As to Andrighetto’s unfair competition claim, the Court of Appeal explained that “unfair competition” includes “any unlawful, unfair or fraudulent business act or practice.” However, explained the Court of Appeal, the California Insurance Commissioner adopted regulations, the Unfair Insurance Practices Act (UIPA) (Ins. Code § 790. et seq.), to determine “whether insurance companies are or have been engaged ‘in any . . . deceptive act or practices prohibited by Section 790.03,” and “[o]ur Supreme Court has held that ‘[p]rivate UIPA actions are absolutely barred; a litigant may not rely on the prescriptions of section 790.03 as the basis for a UCL [unfair competition law] claim.”

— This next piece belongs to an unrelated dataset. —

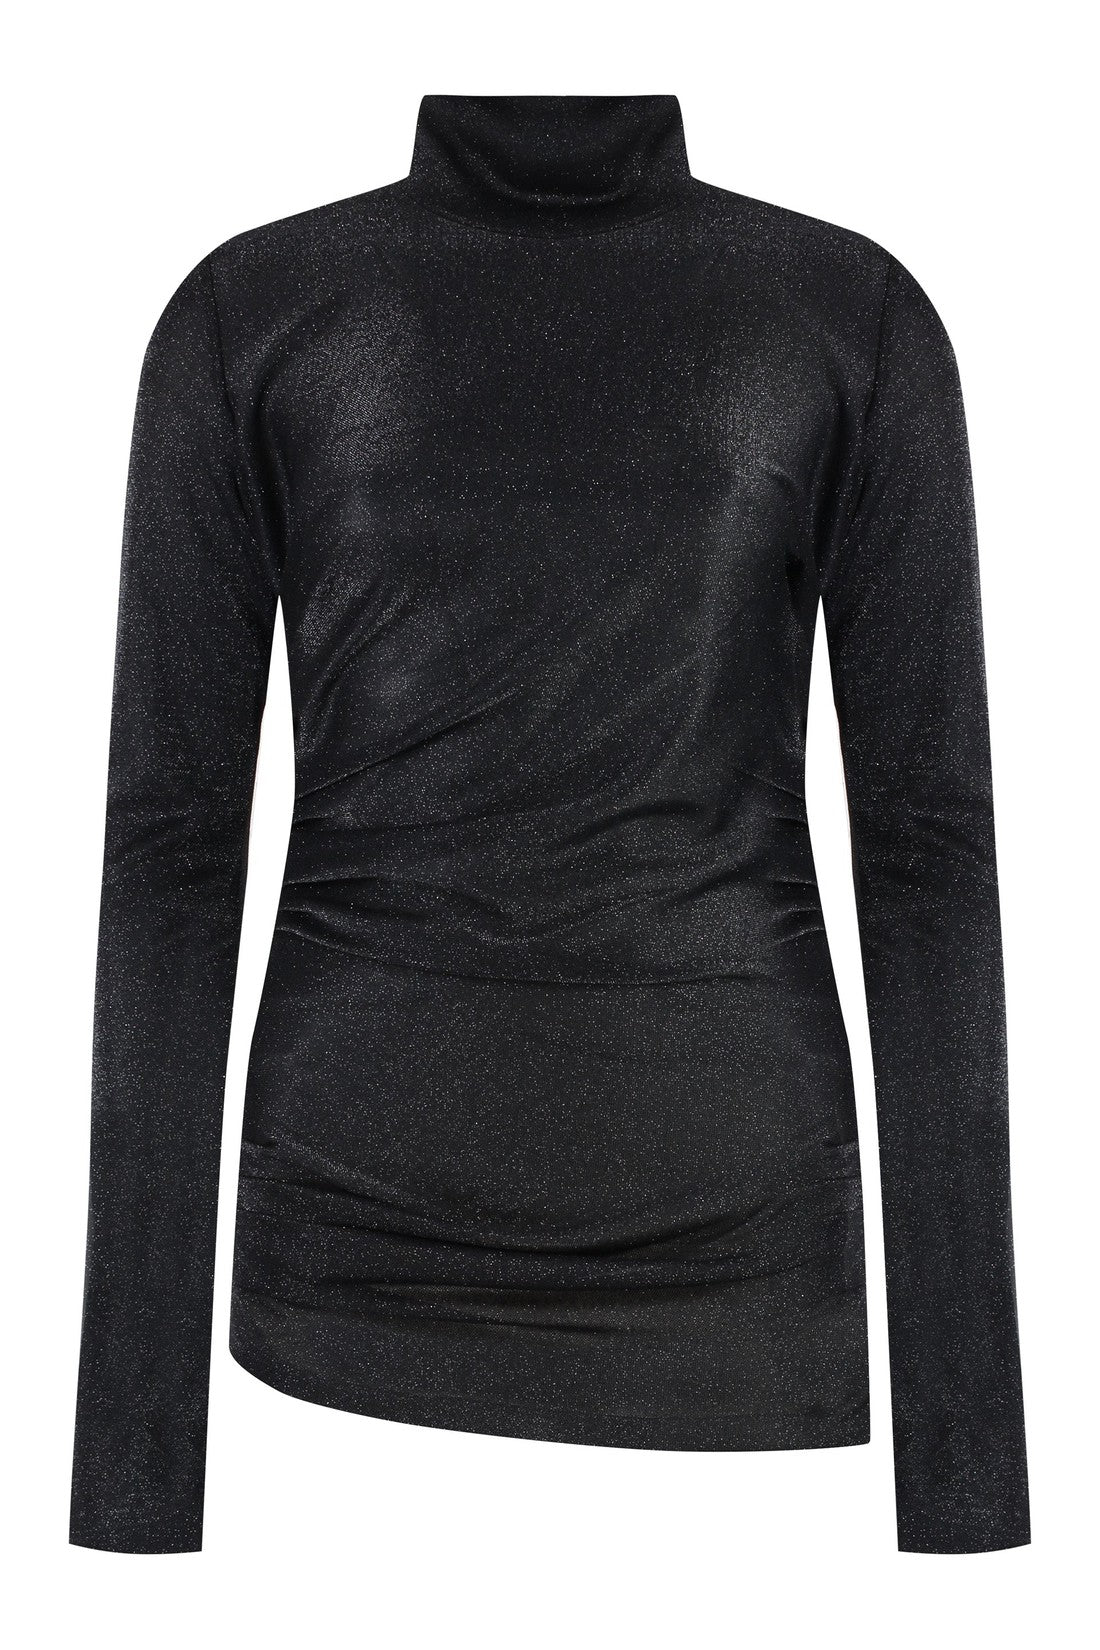 MSGM-OUTLET-SALE-Knitted lurex top-ARCHIVIST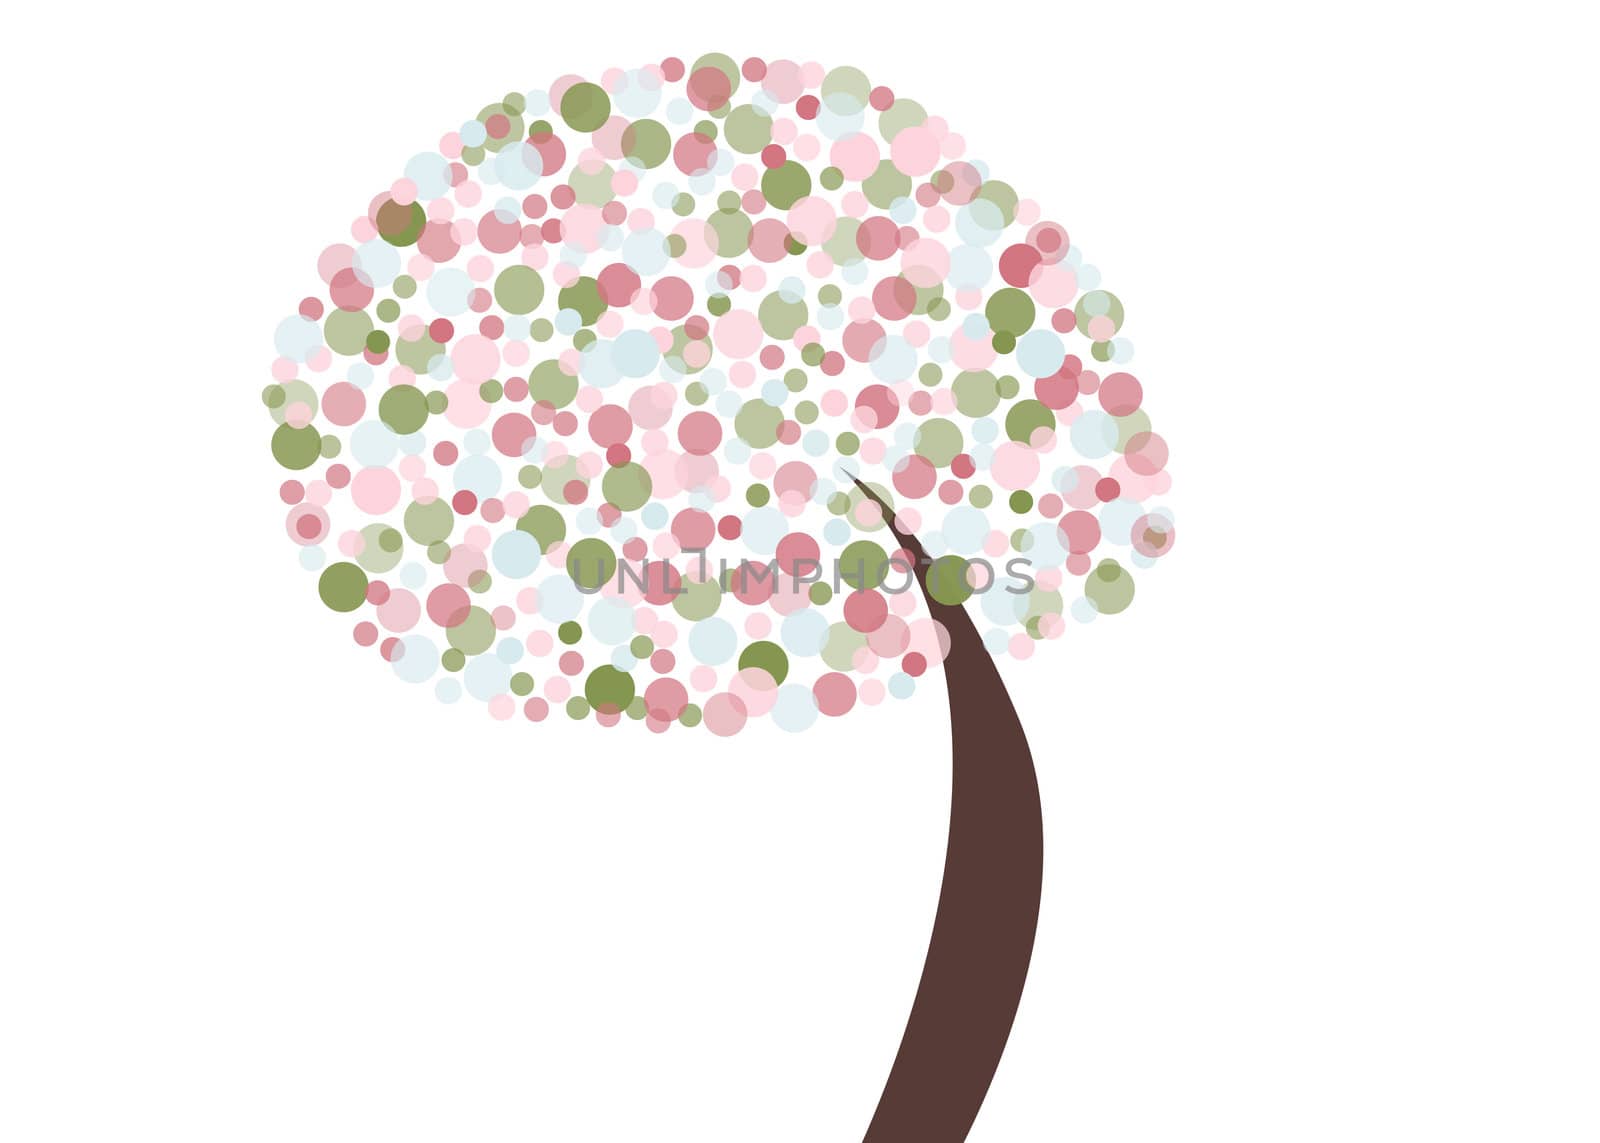 Abstract tree with pastel circles with retro feel

Finally, as to Andrighetto’s breach of contract and breach of implied covenant of fair dealing claim, the Court of Appeal explained:
Andrighetto has not pointed to any express term of his homeowners policy that State Farm breached. Instead, as he did in the trial court, he insists that he has a viable implied contract claim based on the same facts supporting his negligence claim. He argues that State Farm and its agent, “having undertaken to provide a `full coverage’ homeowner policy, … owed [him] a contractual duty to perform reasonably and adequately.” He adds that “when [he] requested the `best policy’ and State Farm’s agent told [him] his replacement cost policy provided `full coverage,’ that created a duty to provide coverage that was within a reasonable margin of error of the actual replacement cost of [his] house. That duty can be enforced by a lawsuit either in contract or in tort.” As for his claim for breach of the implied covenant of good faith and fair dealing, Andrighetto argues, as he did below, that State Farm failed to advise him that its agents do not provide a reasonably accurate estimate of the cost to replace his home.
However, explained the Court of Appeal:
The operative complaint alleges breach of an express contract, not an implied contract. Therefore, Andrighetto cannot obtain reversal of the trial court’s summary judgment ruling on such a theory. Moreover, Andrighetto has failed to show the existence of a valid implied contract for full replacement cost coverage or that the trial court otherwise erred in granting summary judgment on his claims for breach of contract and breach of the implied covenant of good faith and fair dealing. Indeed, as we have noted, the parties stipulated that Andrighetto was paid all benefits due under the terms of the insurance policy, and that his insurance claim was handled in a manner consistent with State Farm’s obligations under the covenant of good faith and fair dealing.
Whether you’re a residential homeowner or a commercial property owner, and whether the insurance you are obtaining or maintaining is a property insurance policy, commercial general liability policy, professional liability policy or other type of policy, it can pay, literally, to become familiar with what those policies cover and don’t cover because when necessity requires that you become familiar with them, it can be too late.